## Your instructions
Retype the lines below exactly, from the one that contains "THE WILD COLLECTIVE MEN'S" through the last, and leave every picture out.

## Data block

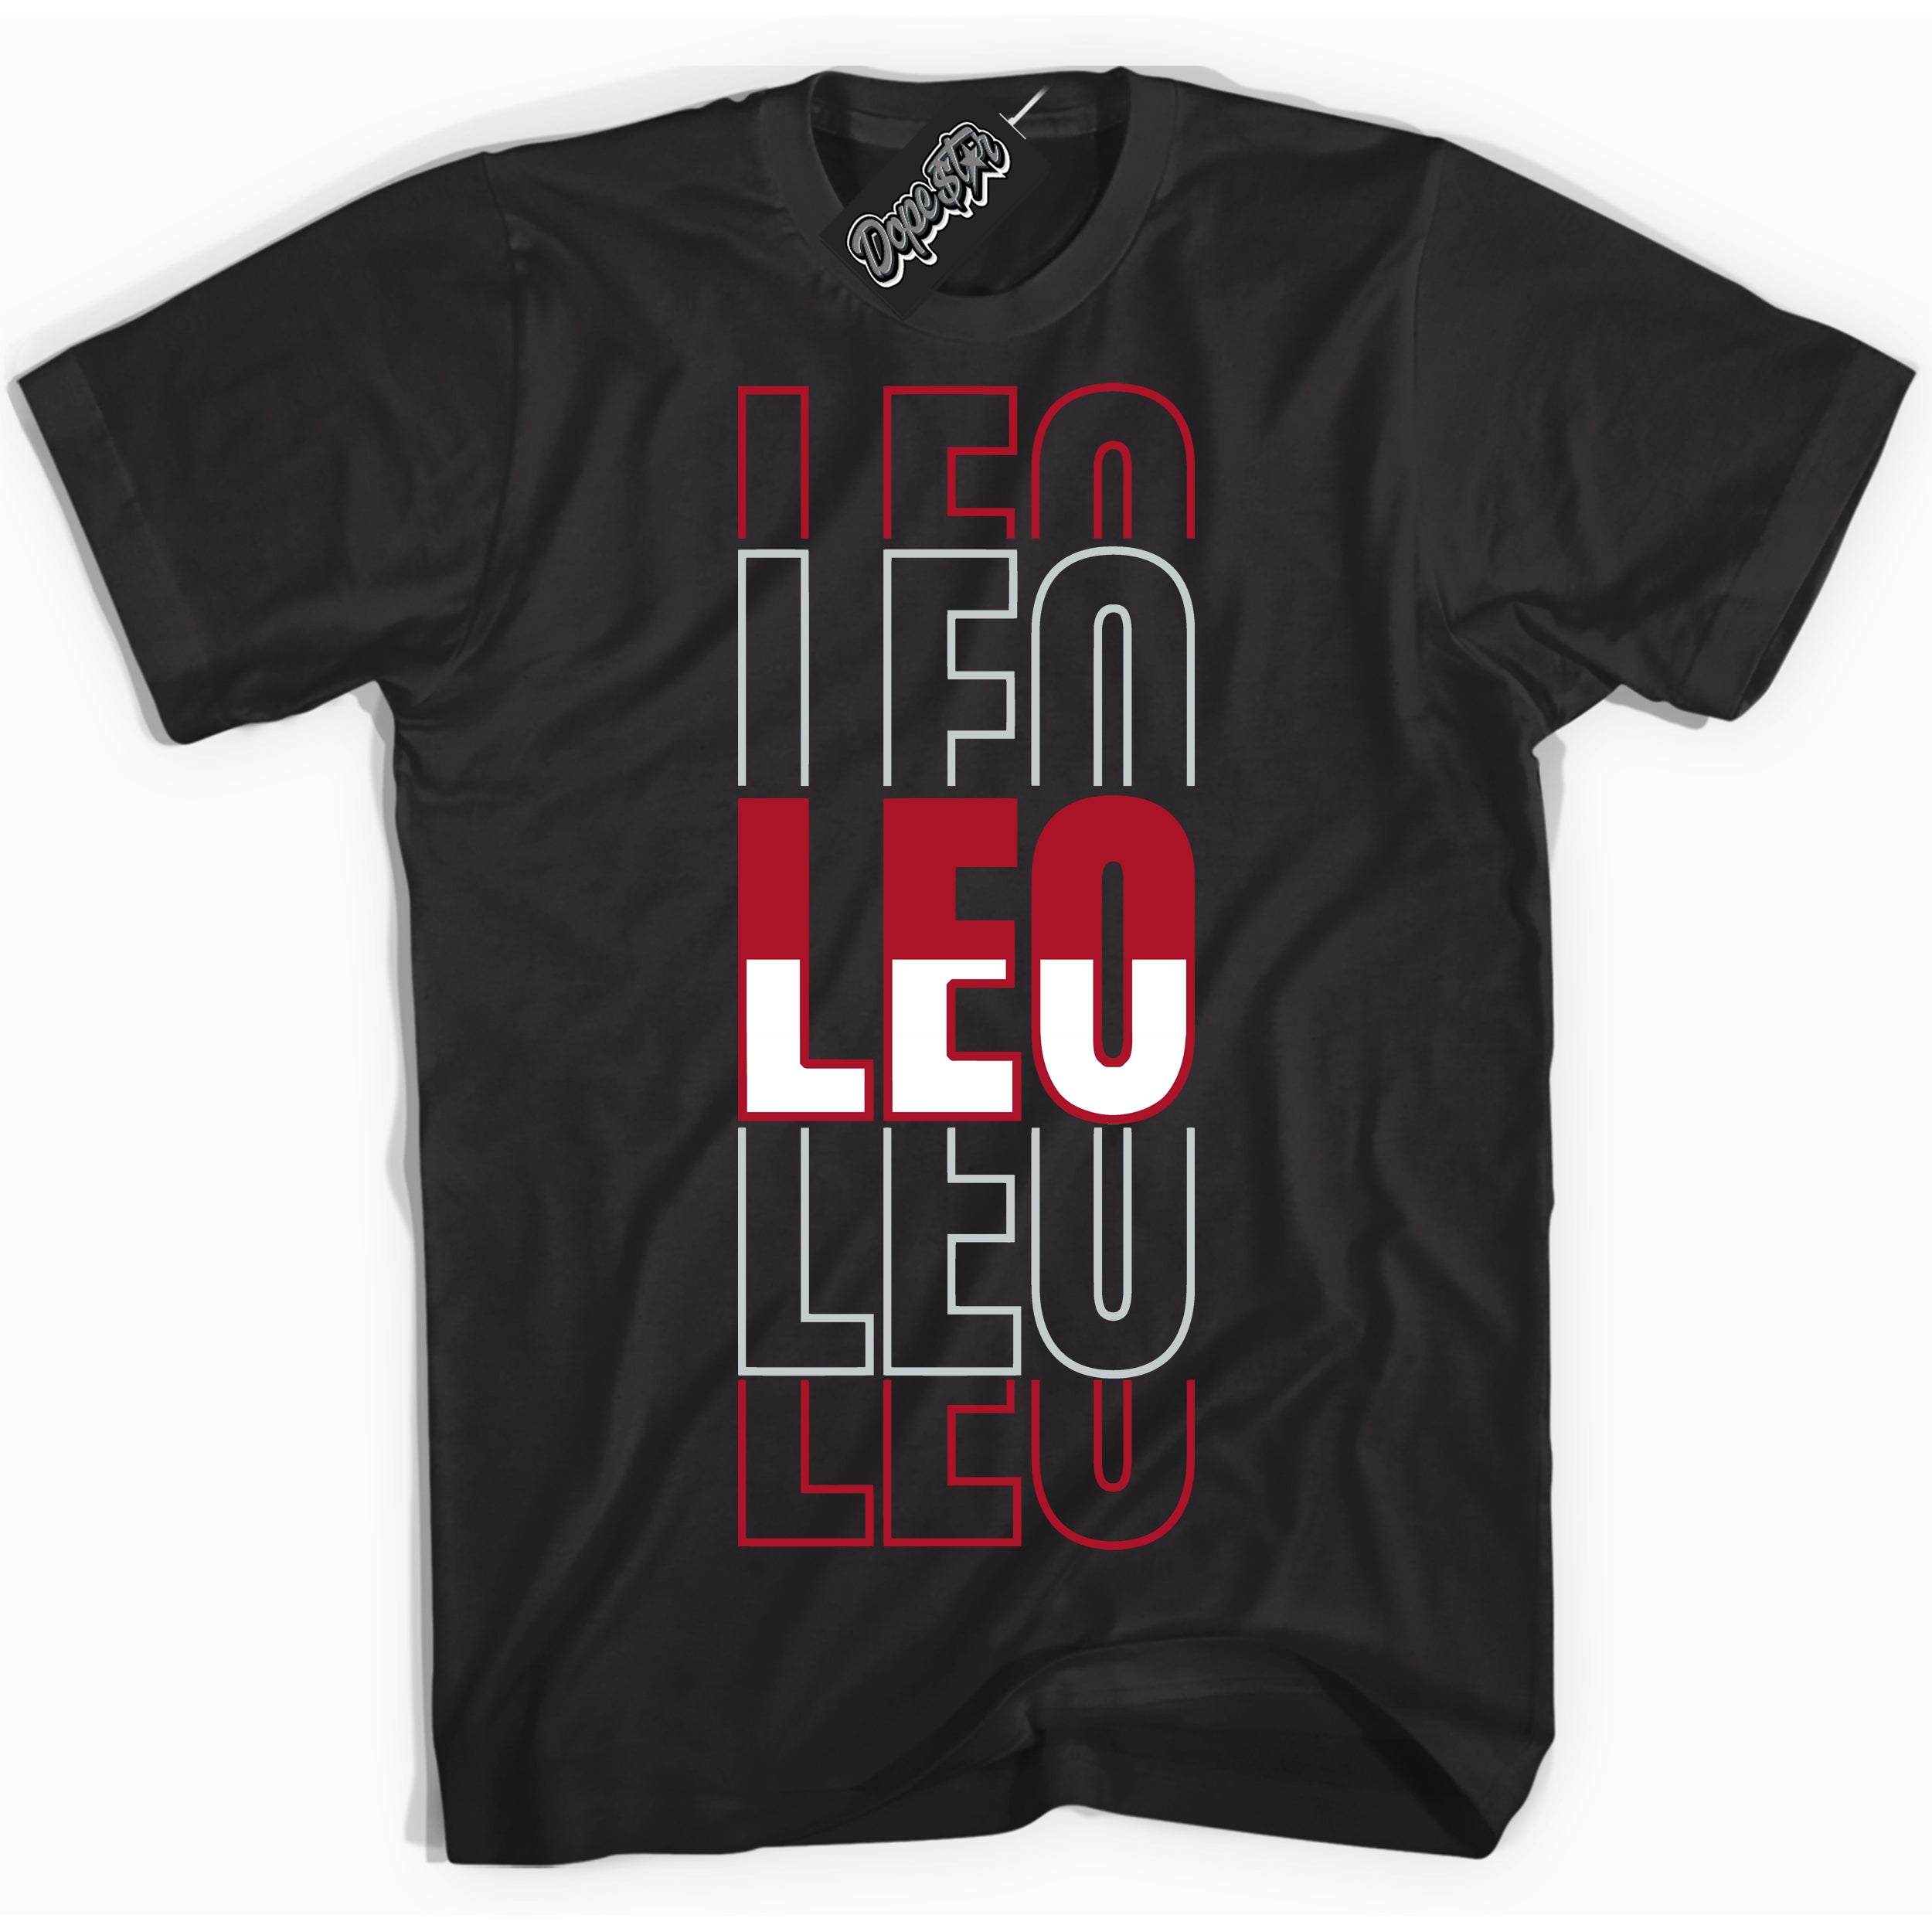 Cool Black Shirt with “ Leo” design that perfectly matches Reverse Ultraman Sneakers.
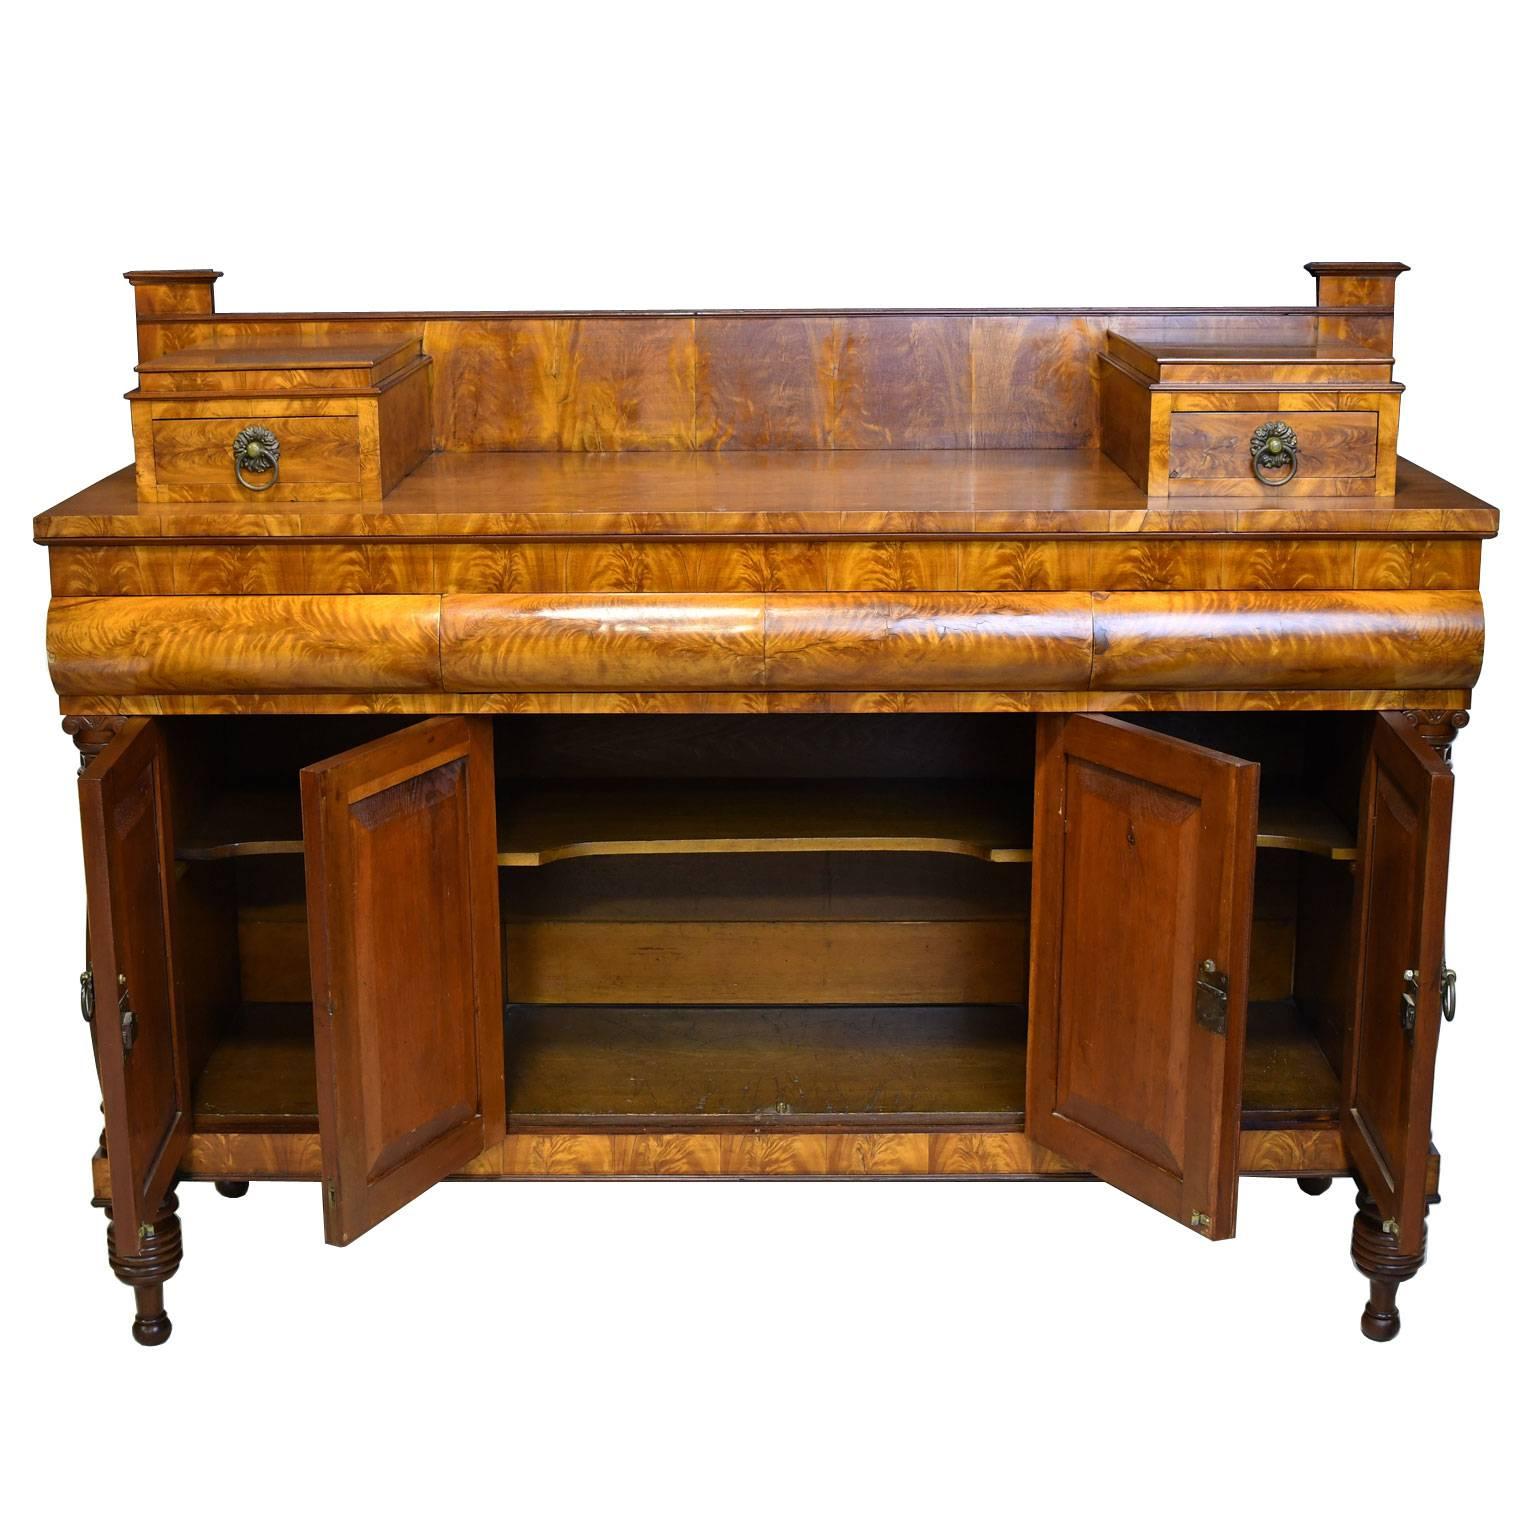 Cast American Empire Sideboard in Satinwood, Vermont, circa 1825 For Sale
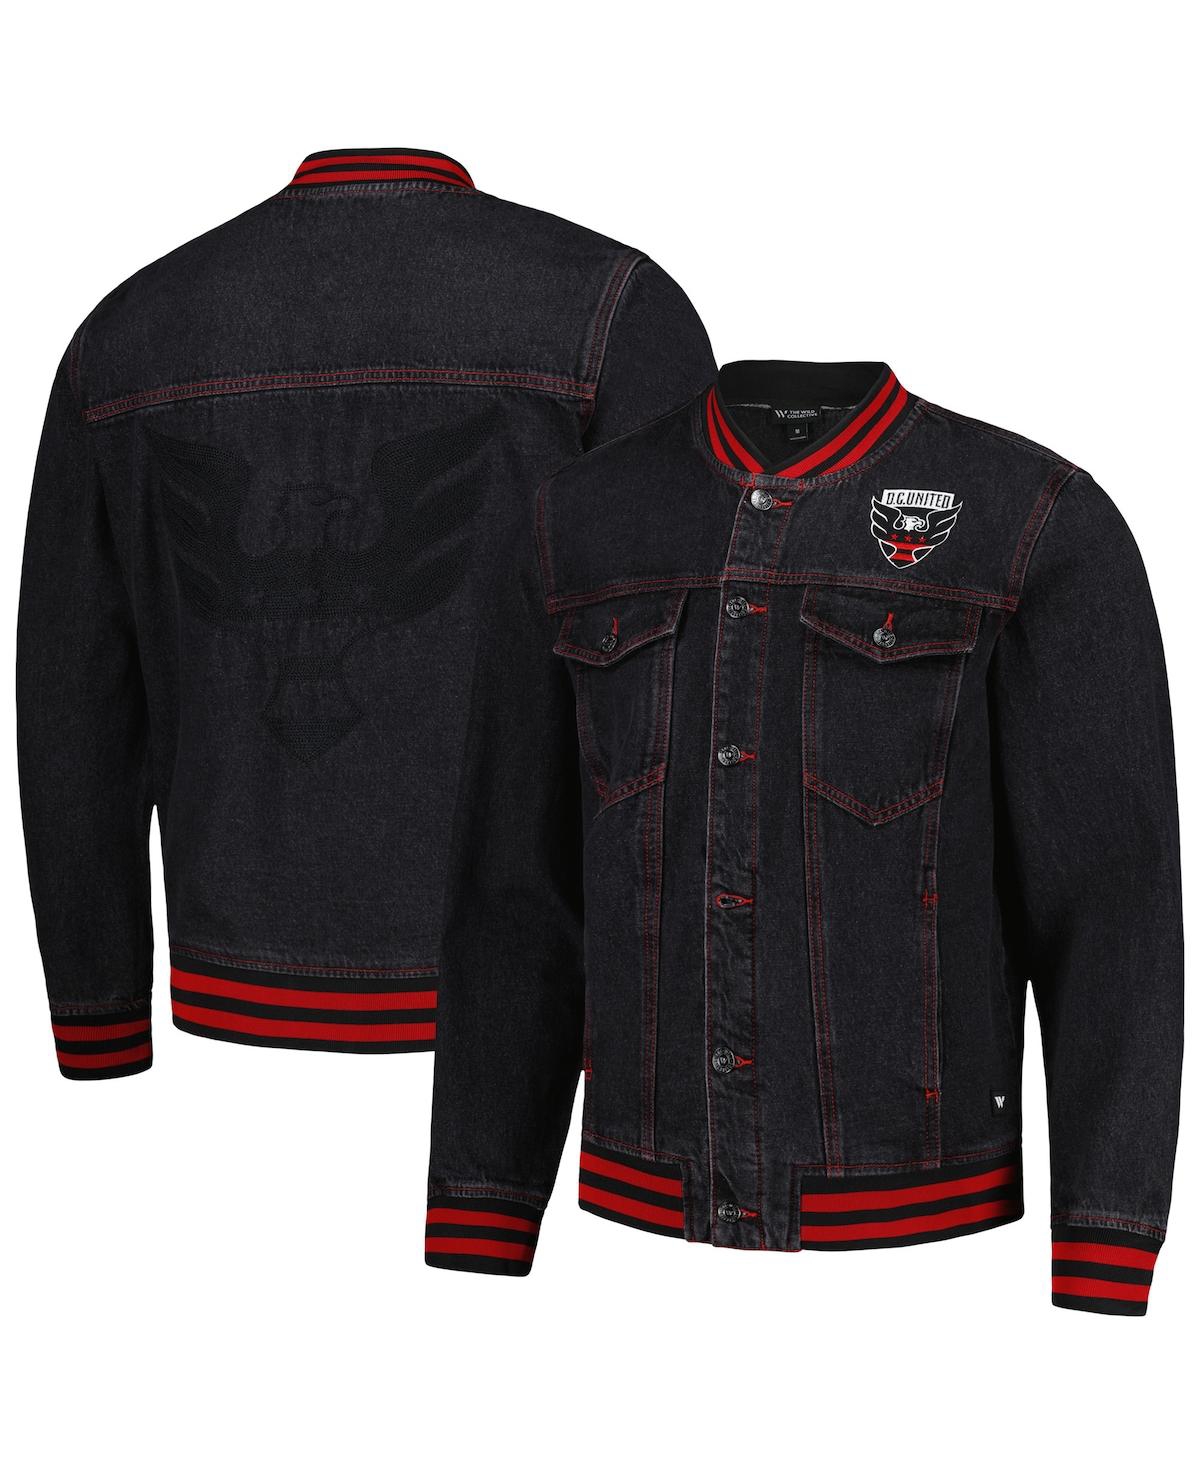 THE WILD COLLECTIVE MEN'S THE WILD COLLECTIVE BLACK D.C. UNITED DENIM FULL-BUTTON BOMBER JACKET
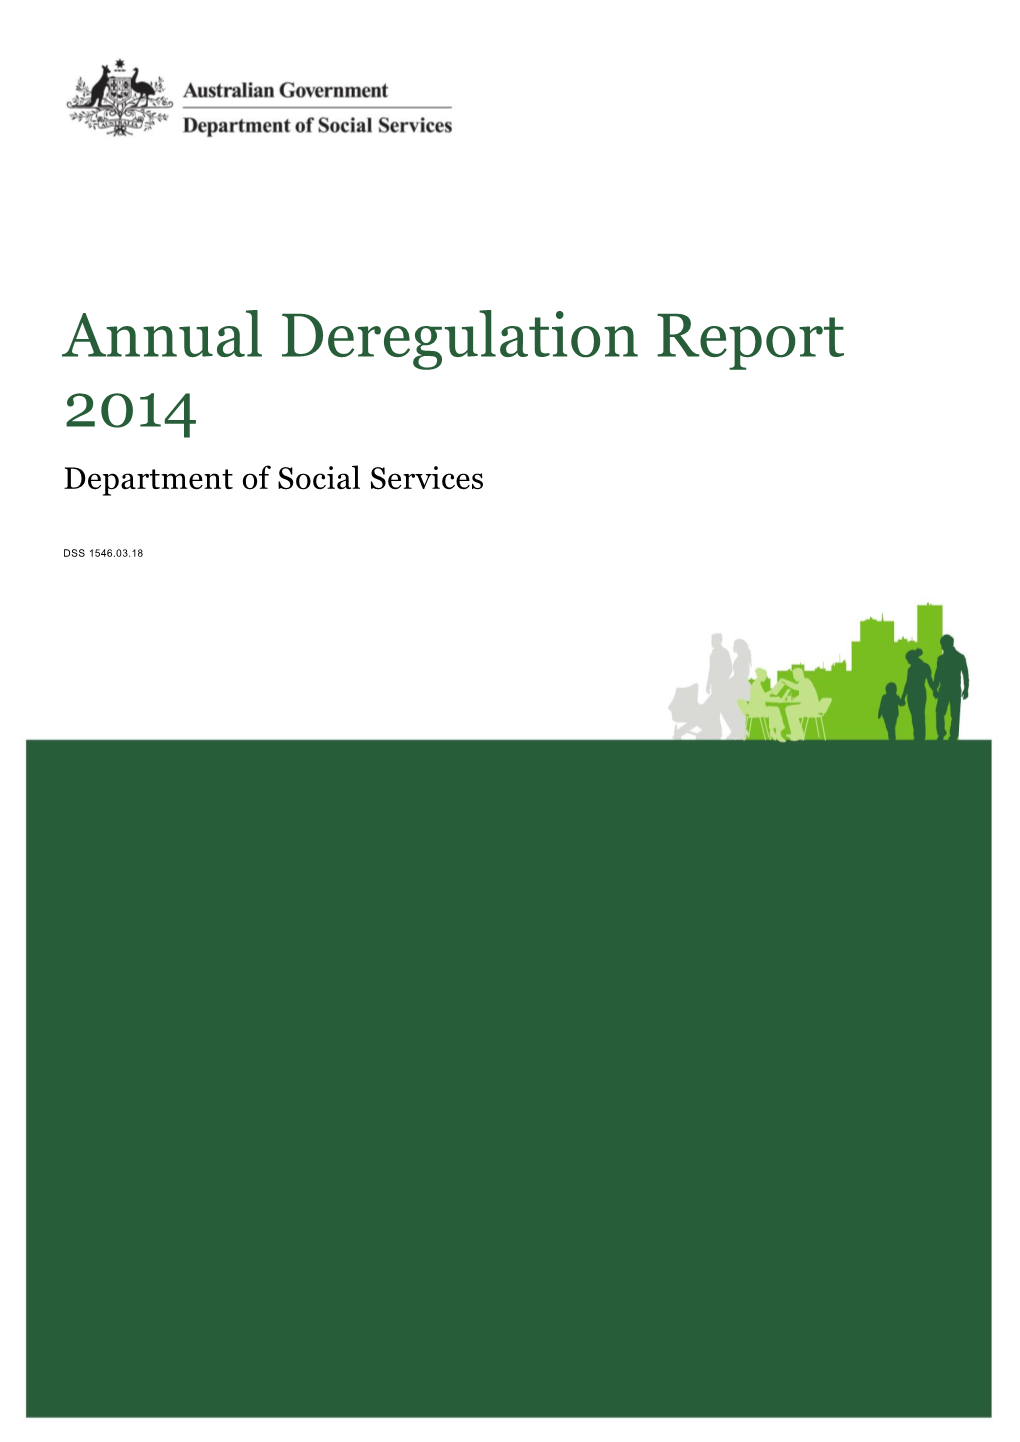 Annual Deregulation Report 2014 Department of Social Services

## Answer to the exercise
 THE WILD COLLECTIVE MEN'S THE WILD COLLECTIVE BLACK D.C. UNITED DENIM FULL-BUTTON BOMBER JACKET
 Annual Deregulation Report 2014 Department of Social Services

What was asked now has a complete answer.